| Supplied data |

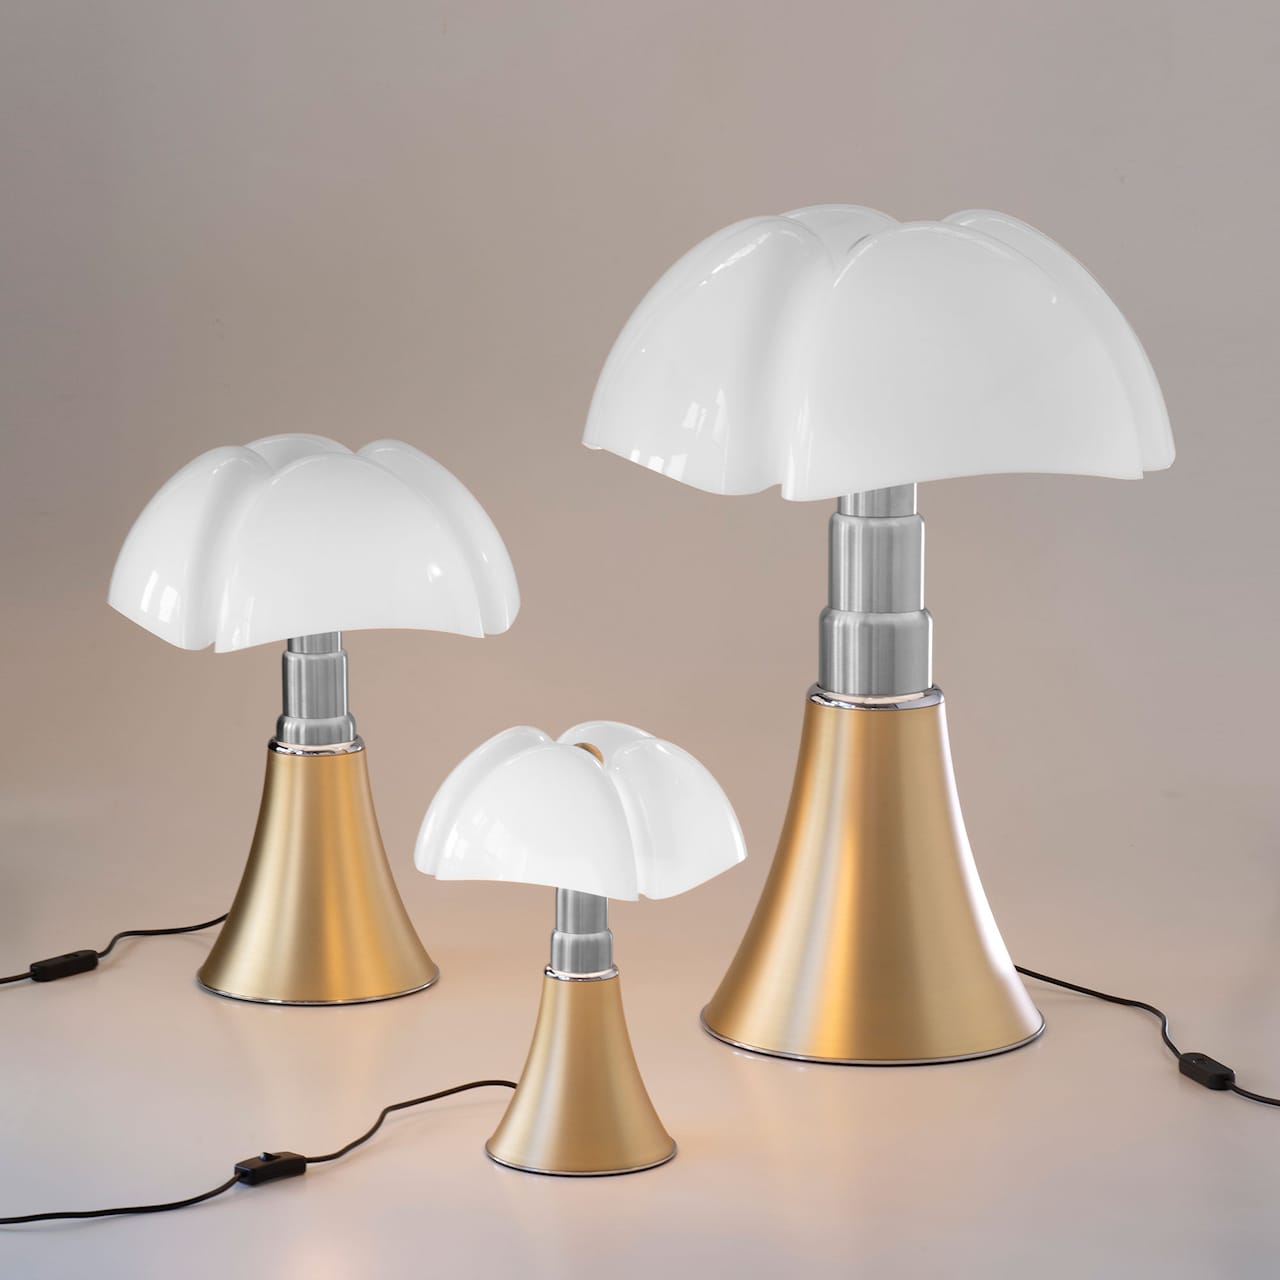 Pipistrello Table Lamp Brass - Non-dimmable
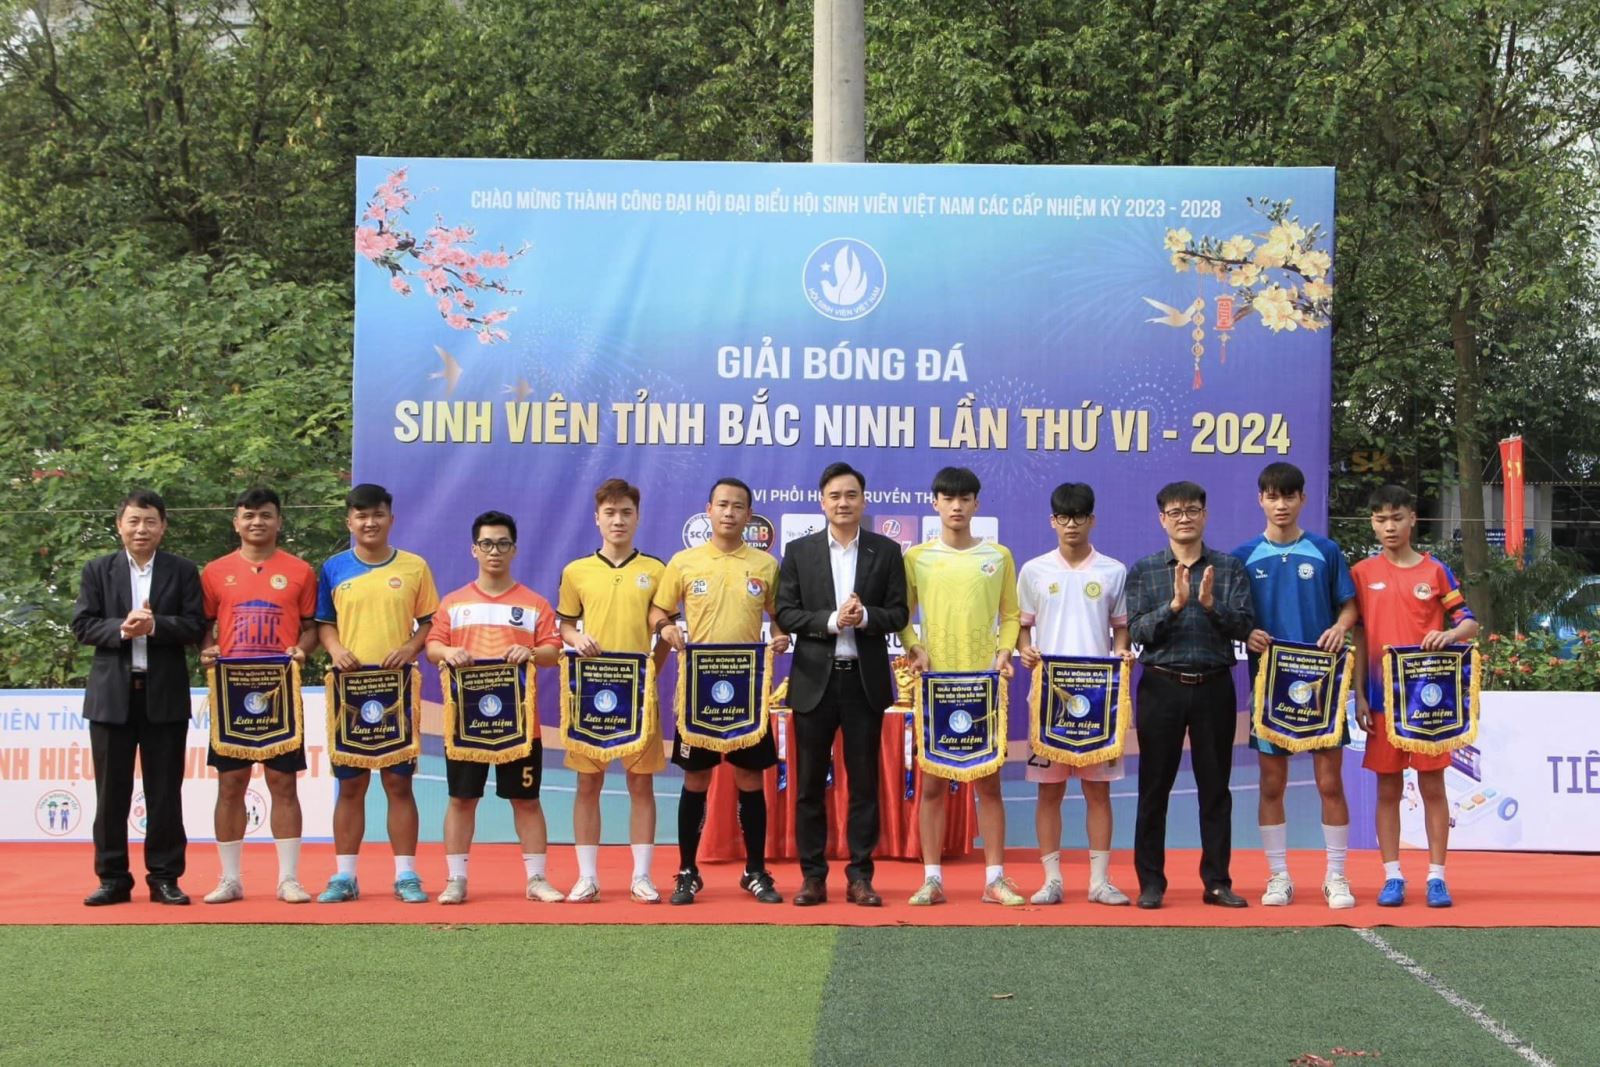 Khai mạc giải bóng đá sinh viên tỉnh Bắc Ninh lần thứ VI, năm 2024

==

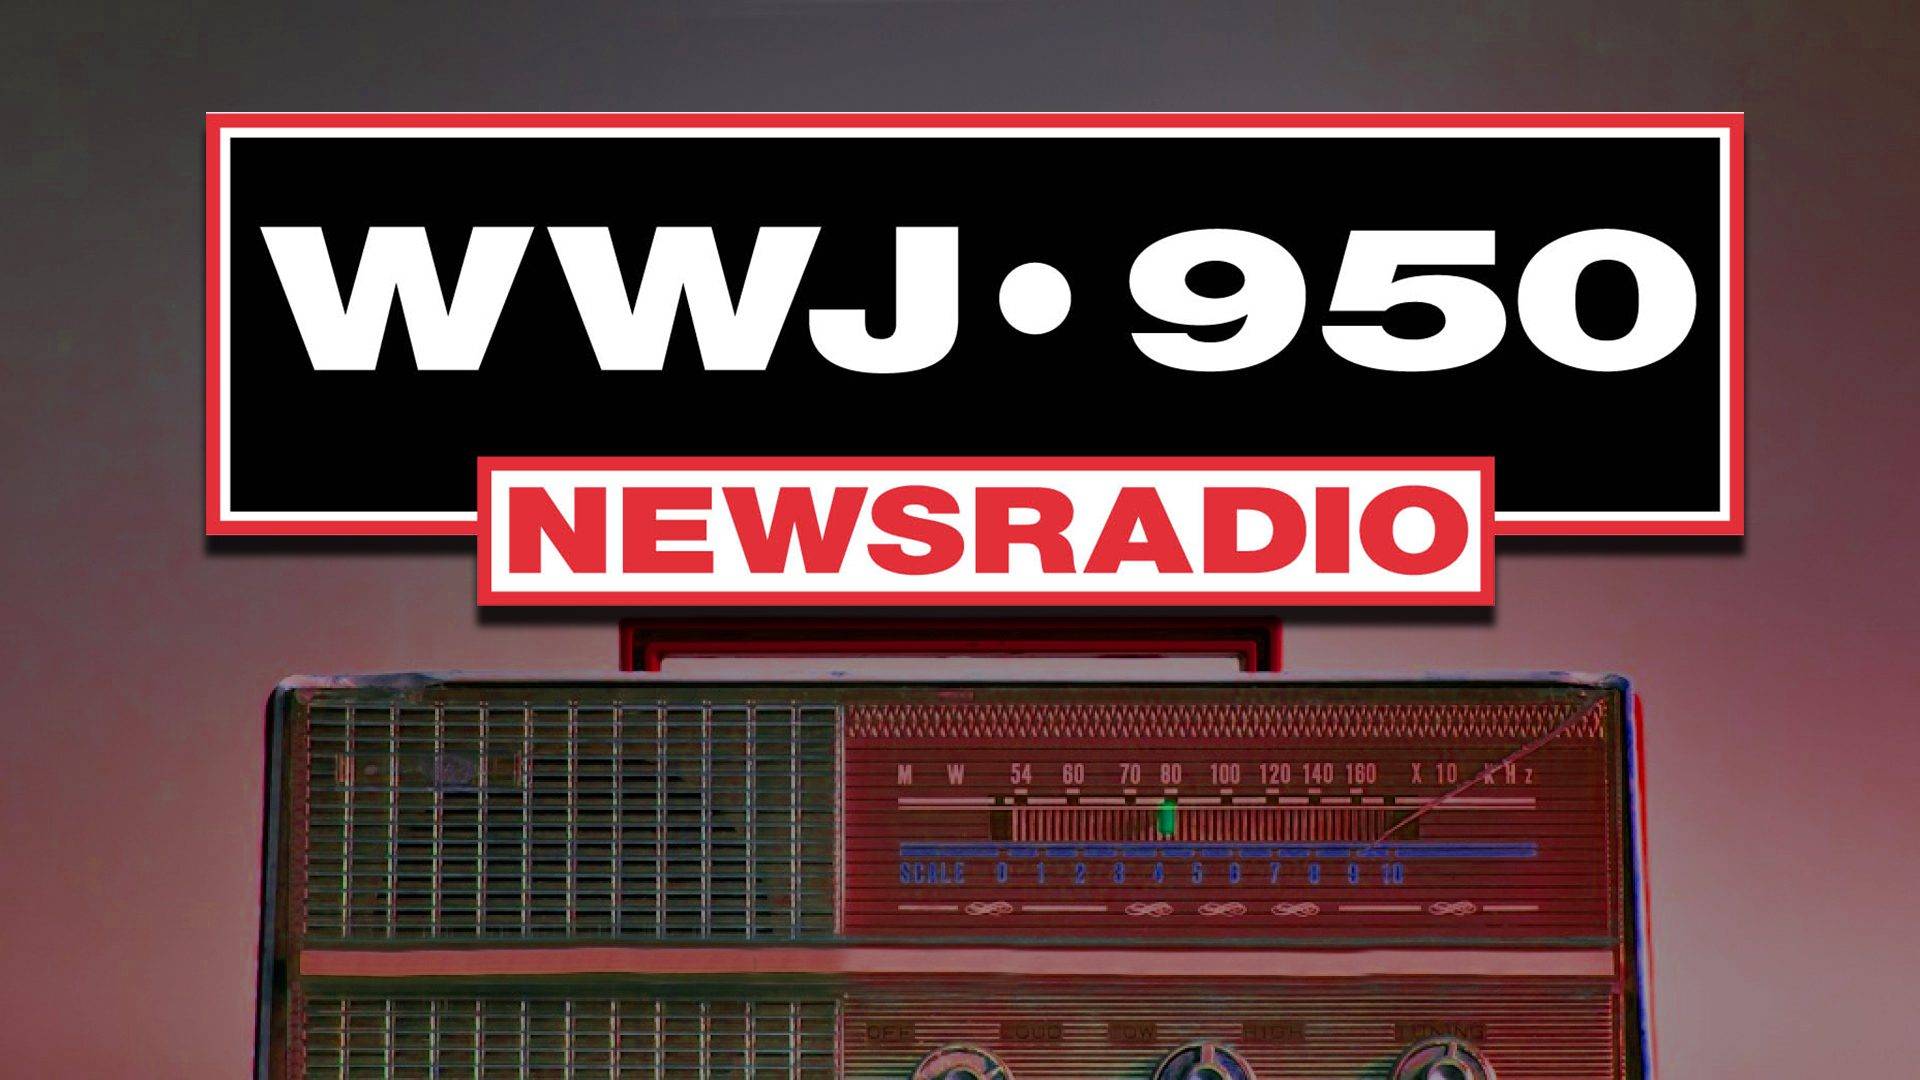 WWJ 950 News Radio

* * *

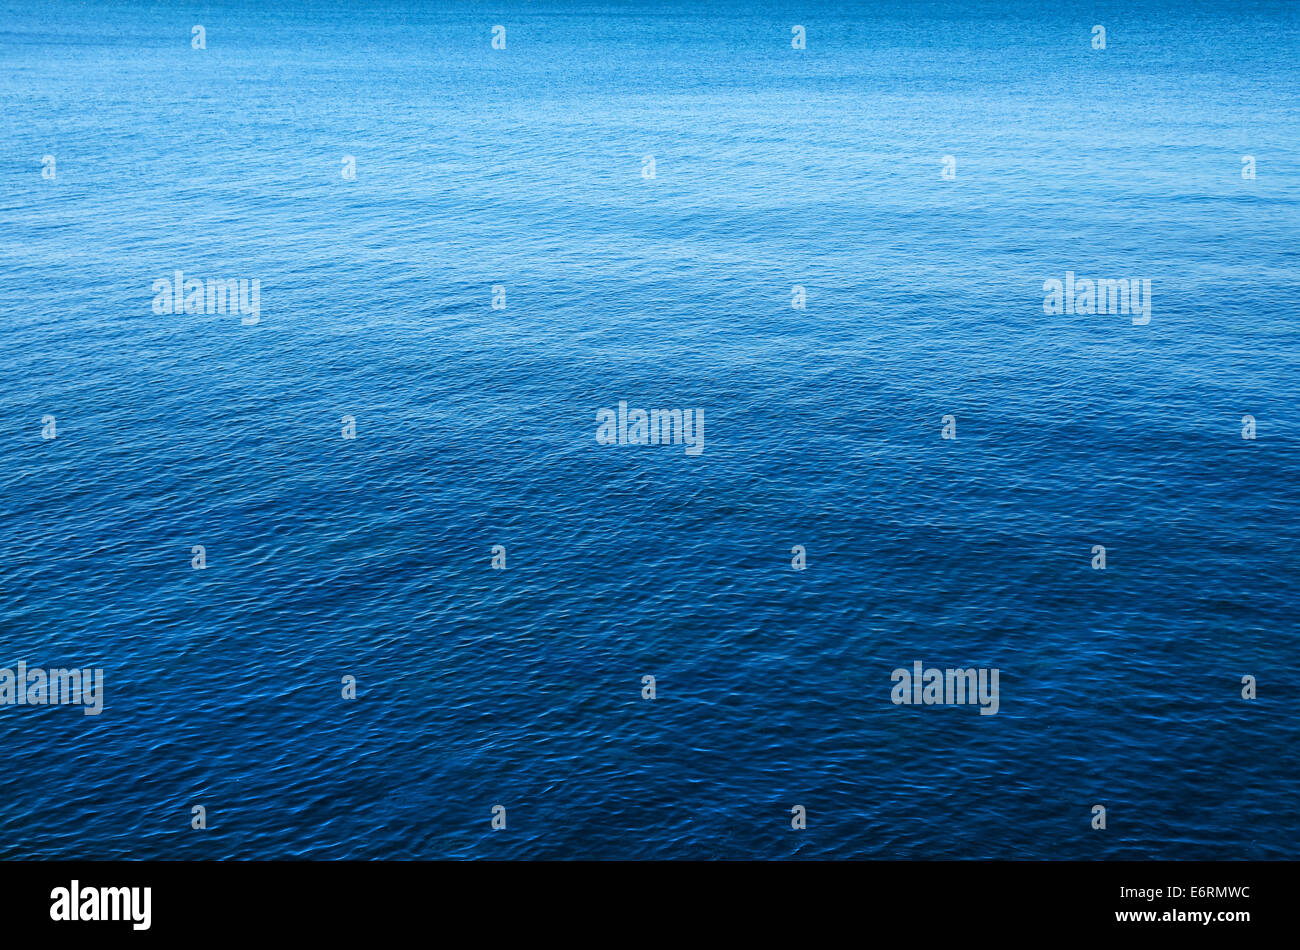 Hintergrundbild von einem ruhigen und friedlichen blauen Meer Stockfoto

| Problem requirements |
Above are some entries; copy exactly the lines from the line with "Pipistrello Table Lamp Brass - Non-dimmable" through the line with "Khai mạc giải", both included, but none of the pictures.

| Expected answer |
 Pipistrello Table Lamp Brass - Non-dimmable
 Khai mạc giải bóng đá sinh viên tỉnh Bắc Ninh lần thứ VI, năm 2024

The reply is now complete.